◆ TASK DIRECTIONS
Reproduce the entries that follow exactly, dropping each image.

◆ STUDY MATERIAL

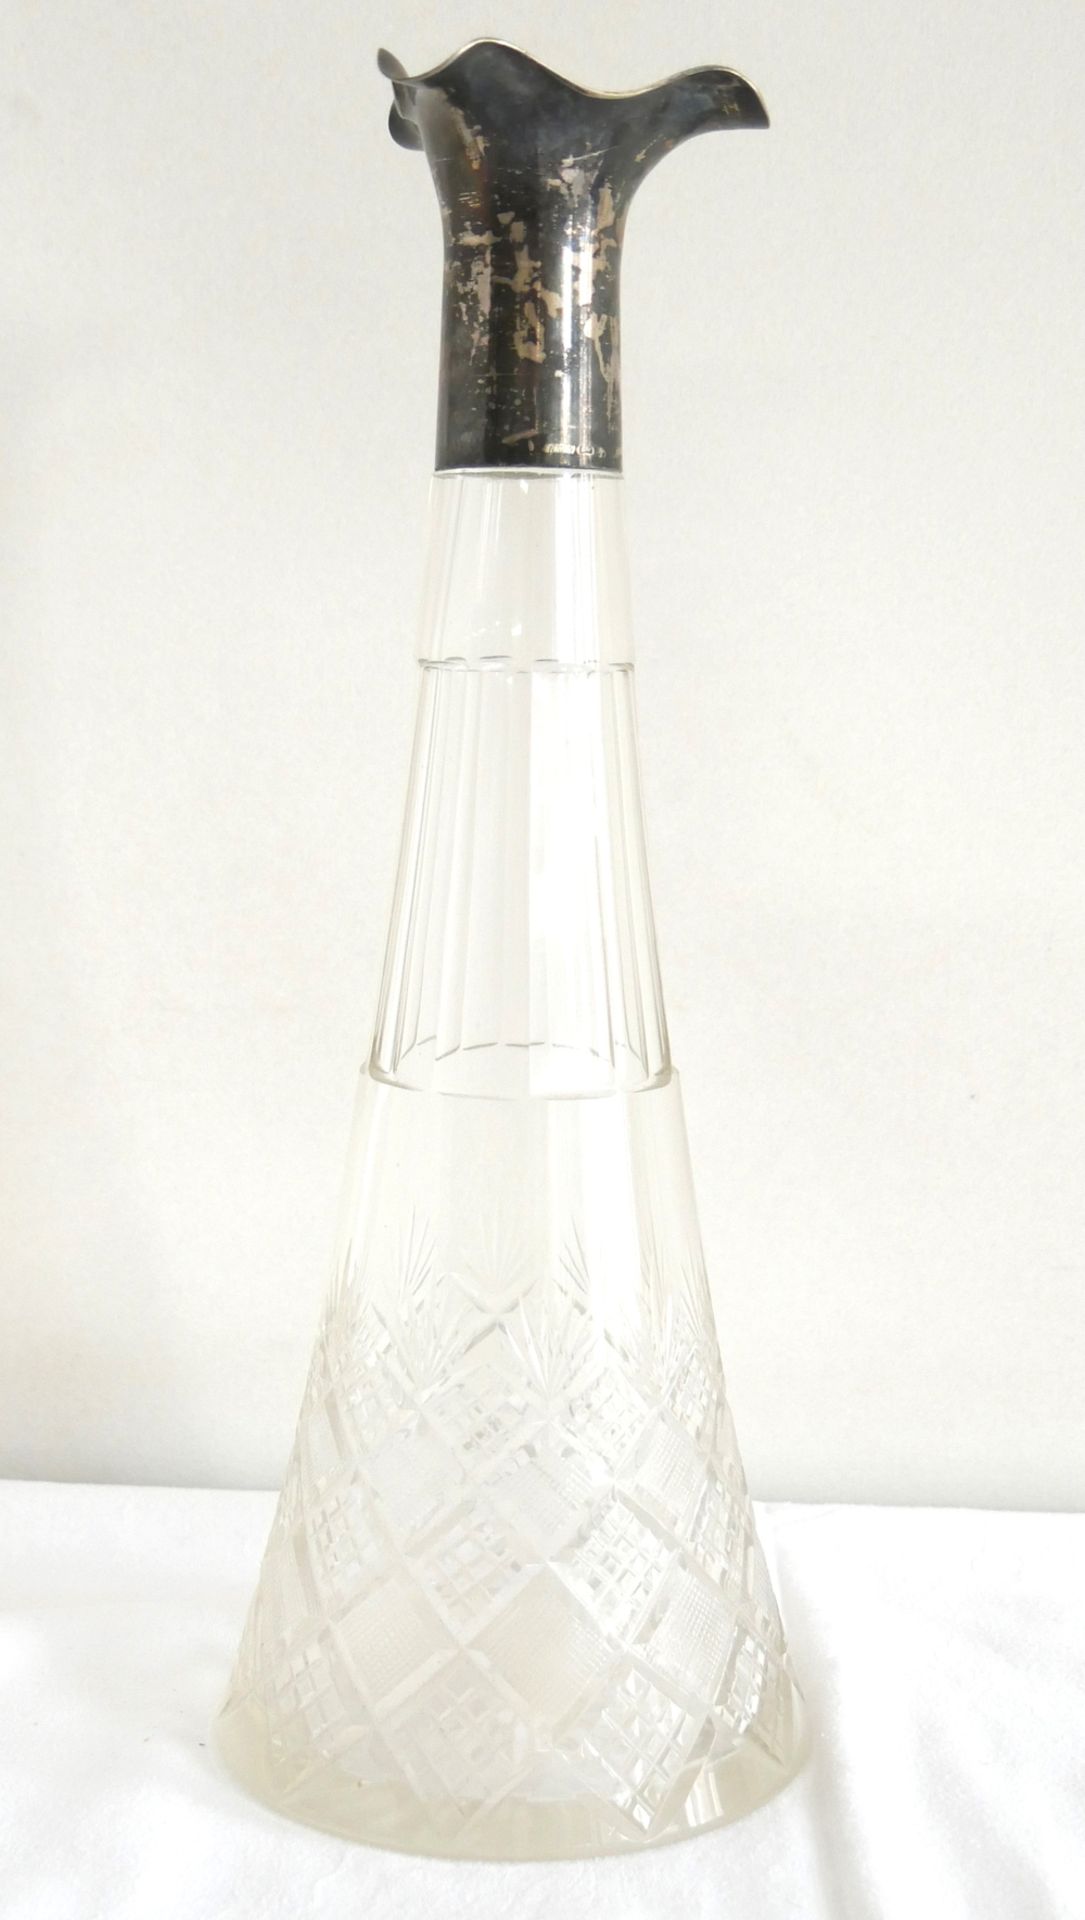 Likörflasche mit Silbermontur, Flasche mit Schliff. Ohne Stöpsel. Höhe ca. 31,5 cm
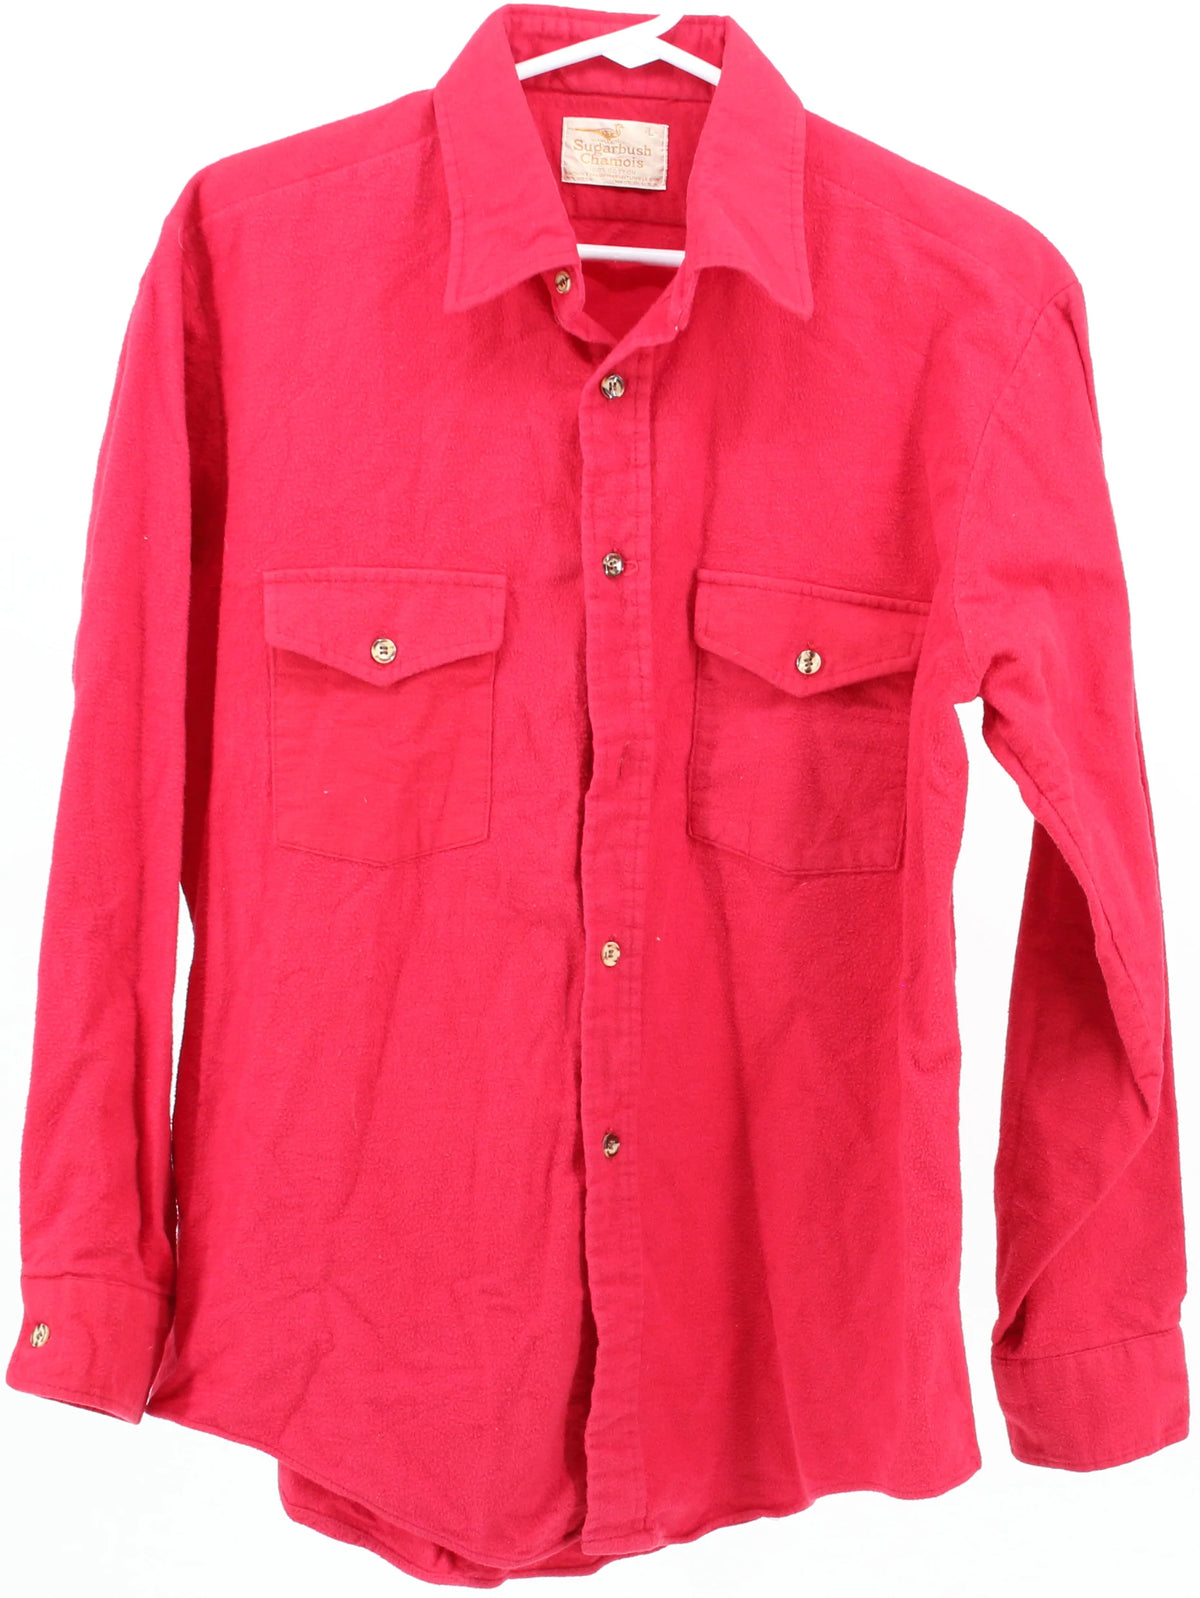 Sugarbush Chamois Red Flannel Shirt
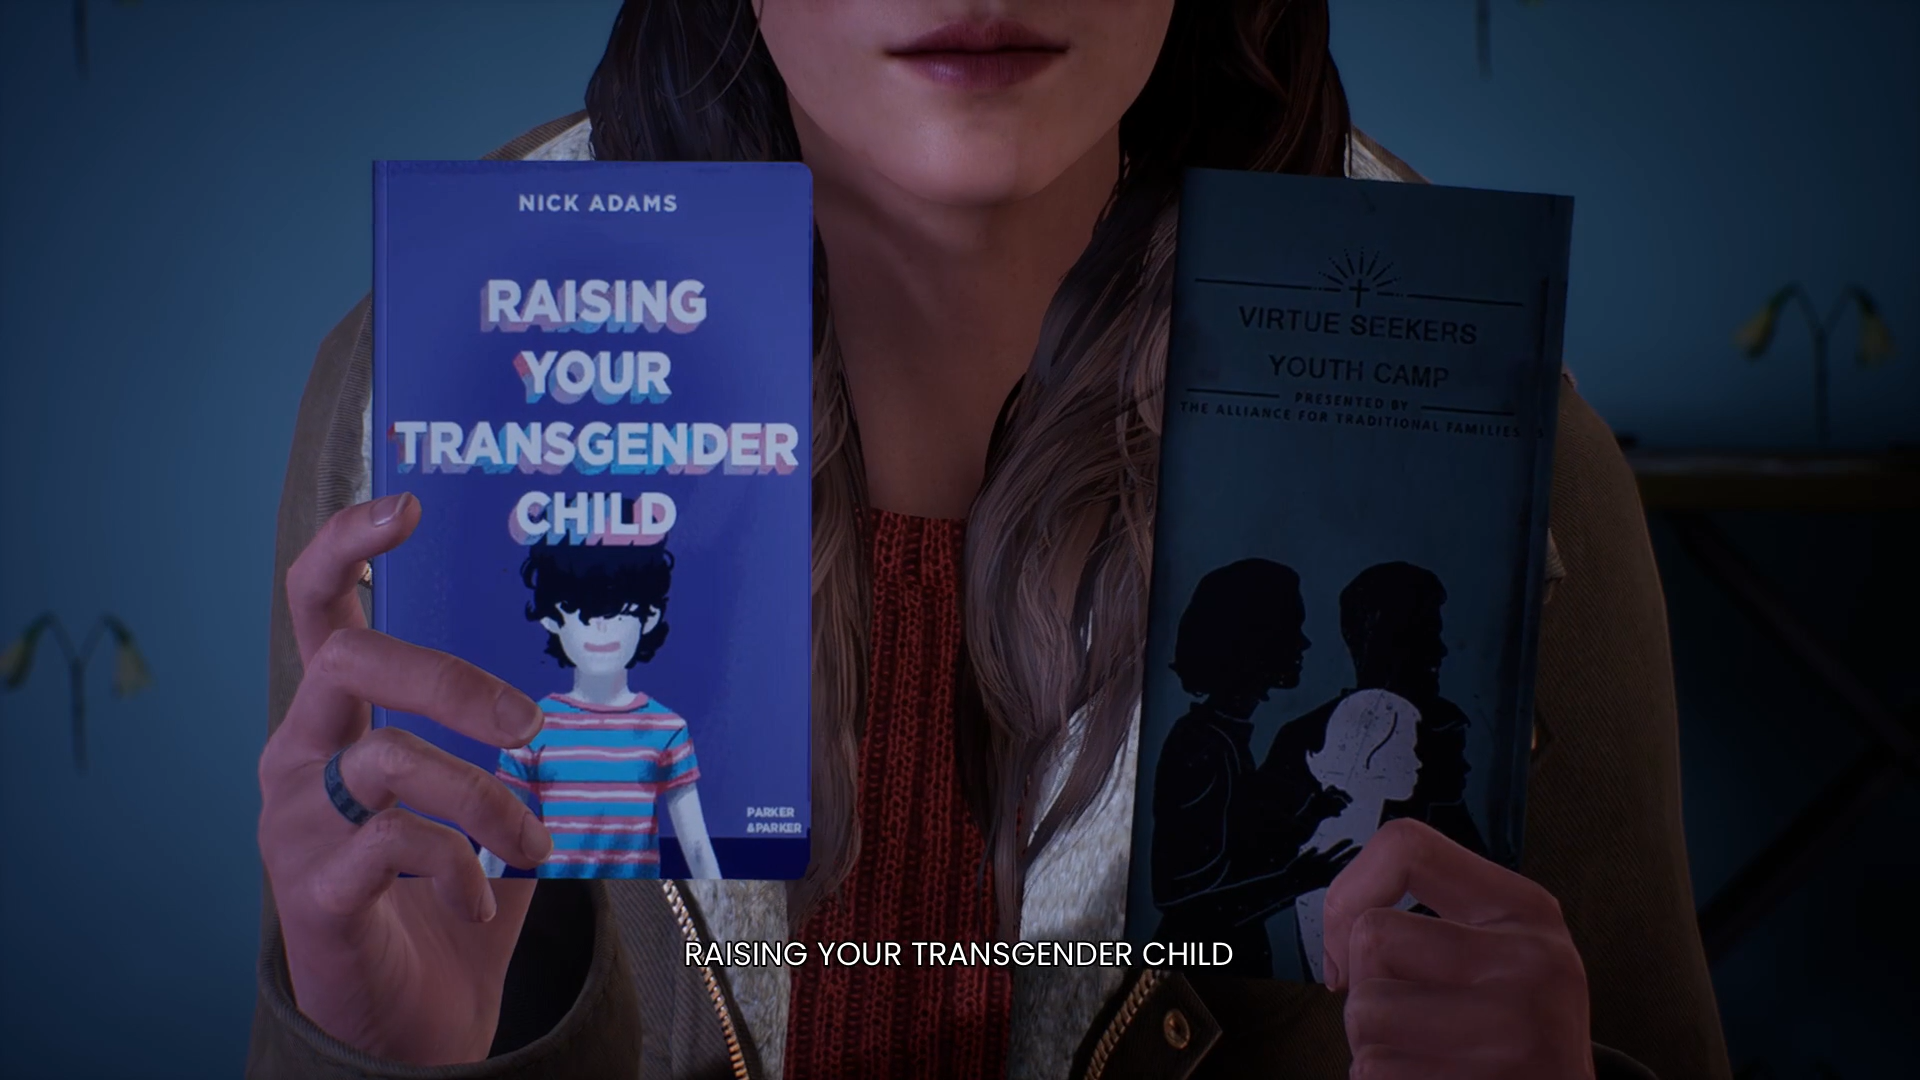 Aly在母親房間內發現了扶養跨性別兒童的育兒書籍。看似反同的母親為什麼會有這種書籍？衝突構建良好，玩家有動力繼續探索下去。
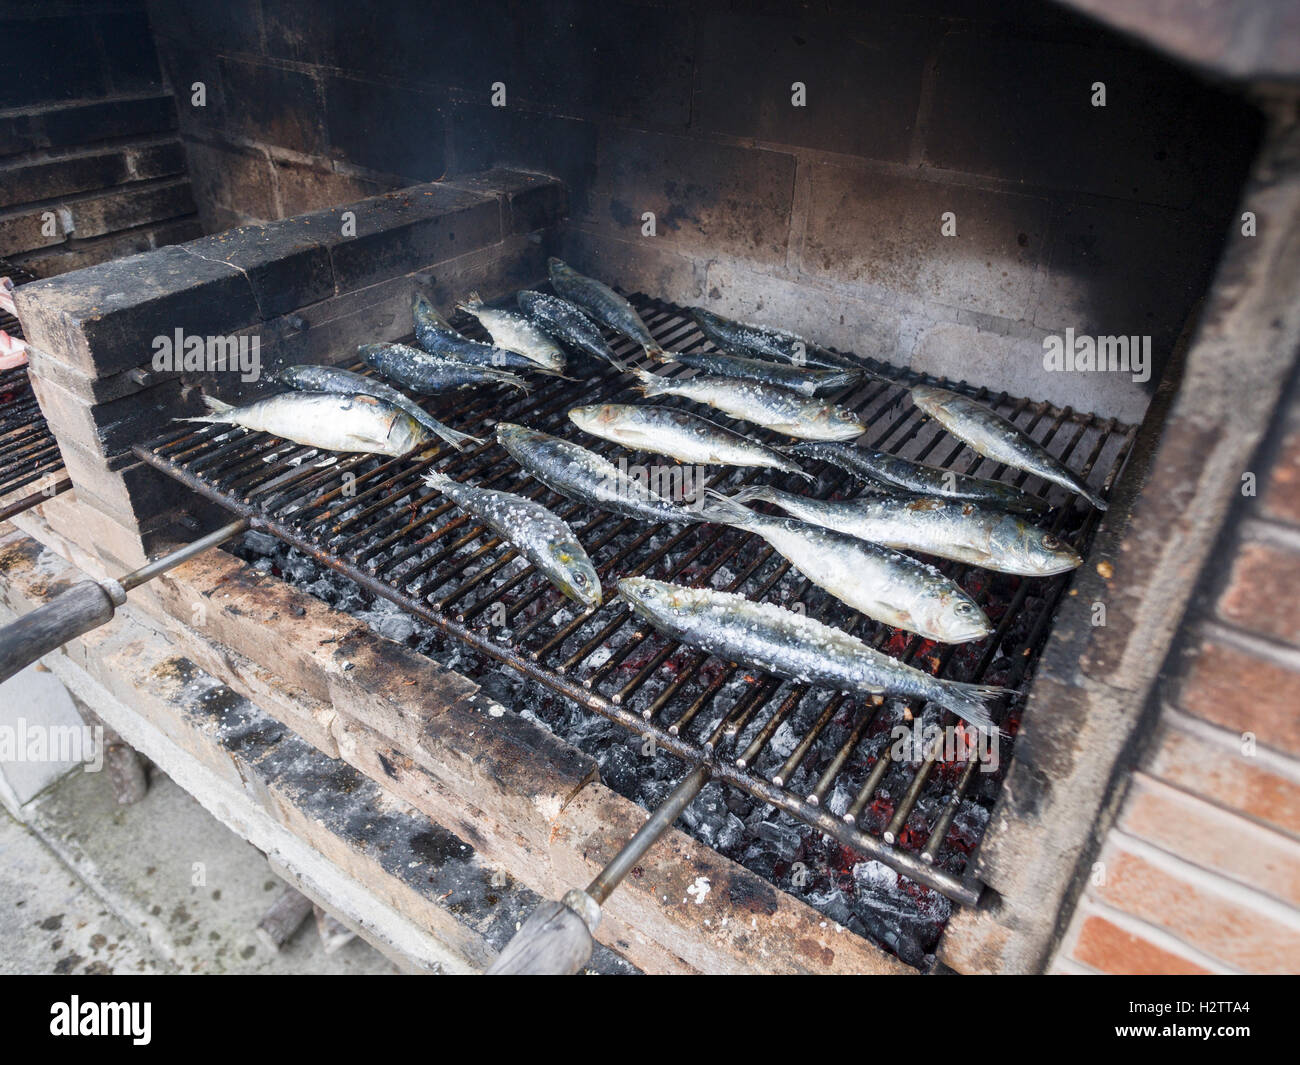 Les sardines salées grillées sur un barbecue des. De gros blocs de sel de roche de la saveur du poisson frais juste après il est placé sur un gril chaud Banque D'Images
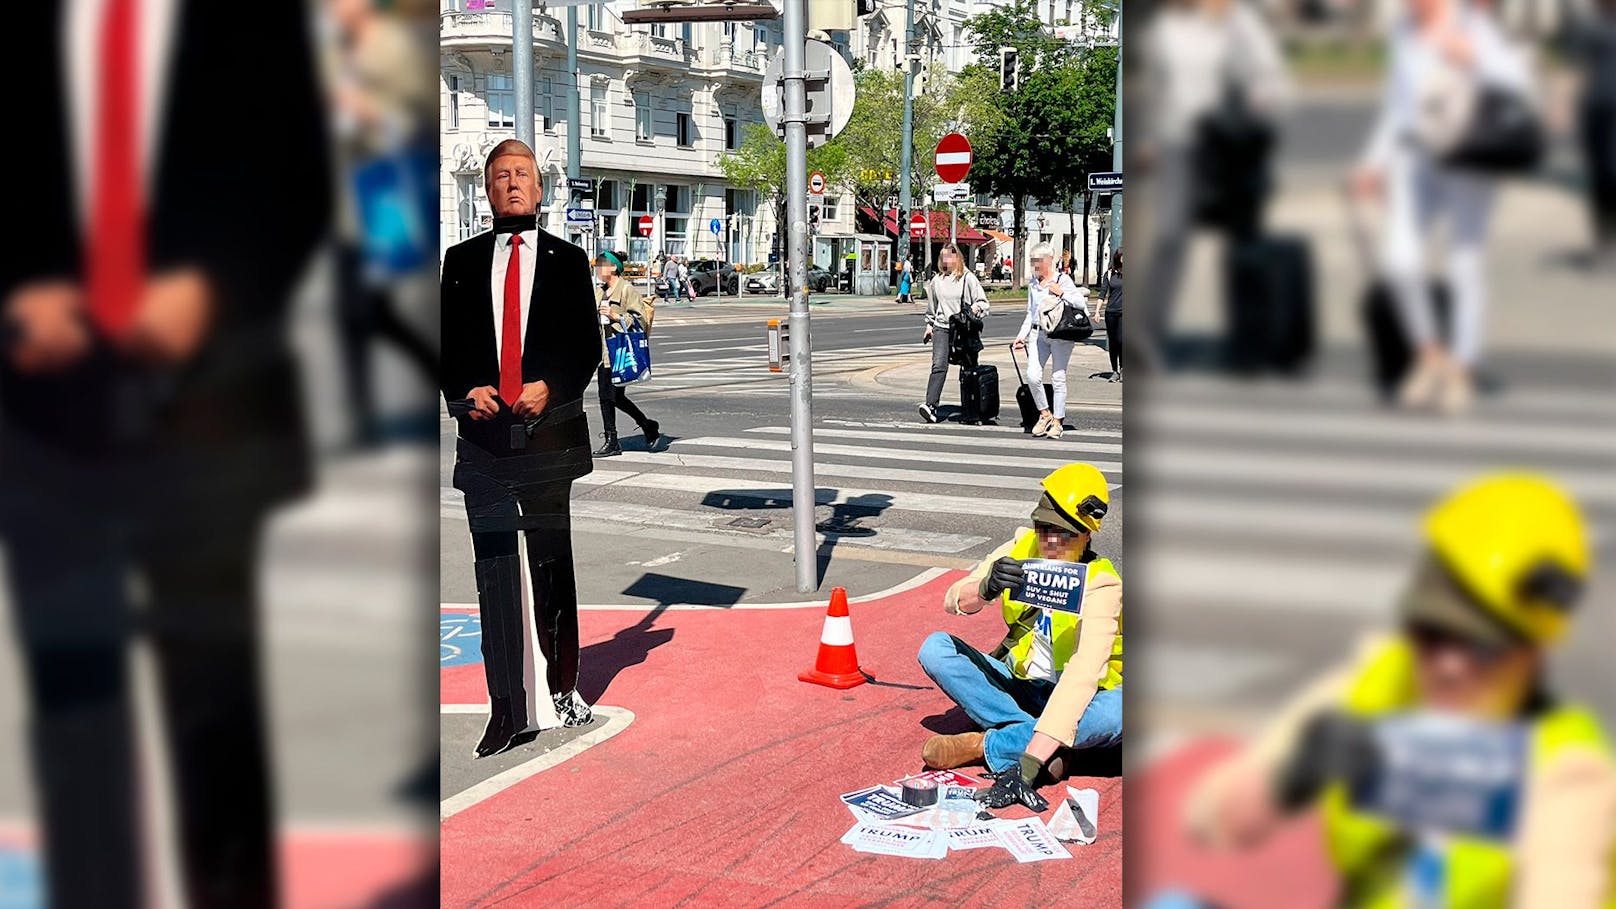 Klebe-Aktion – Trump-Fan blockiert Fahrradweg in Wien

◆ WRITTEN SOLUTION
 Likörflasche mit Silbermontur, Flasche mit Schliff. Ohne Stöpsel. Höhe ca. 31,5 cm
 Sugarbush Chamois Red Flannel Shirt
 Aly在母親房間內發現了扶養跨性別兒童的育兒書籍。看似反同的母親為什麼會有這種書籍？衝突構建良好，玩家有動力繼續探索下去。
 Les sardines salées grillées sur un barbecue des. De gros blocs de sel de roche de la saveur du poisson frais juste après il est placé sur un gril chaud Banque D'Images
 Klebe-Aktion – Trump-Fan blockiert Fahrradweg in Wien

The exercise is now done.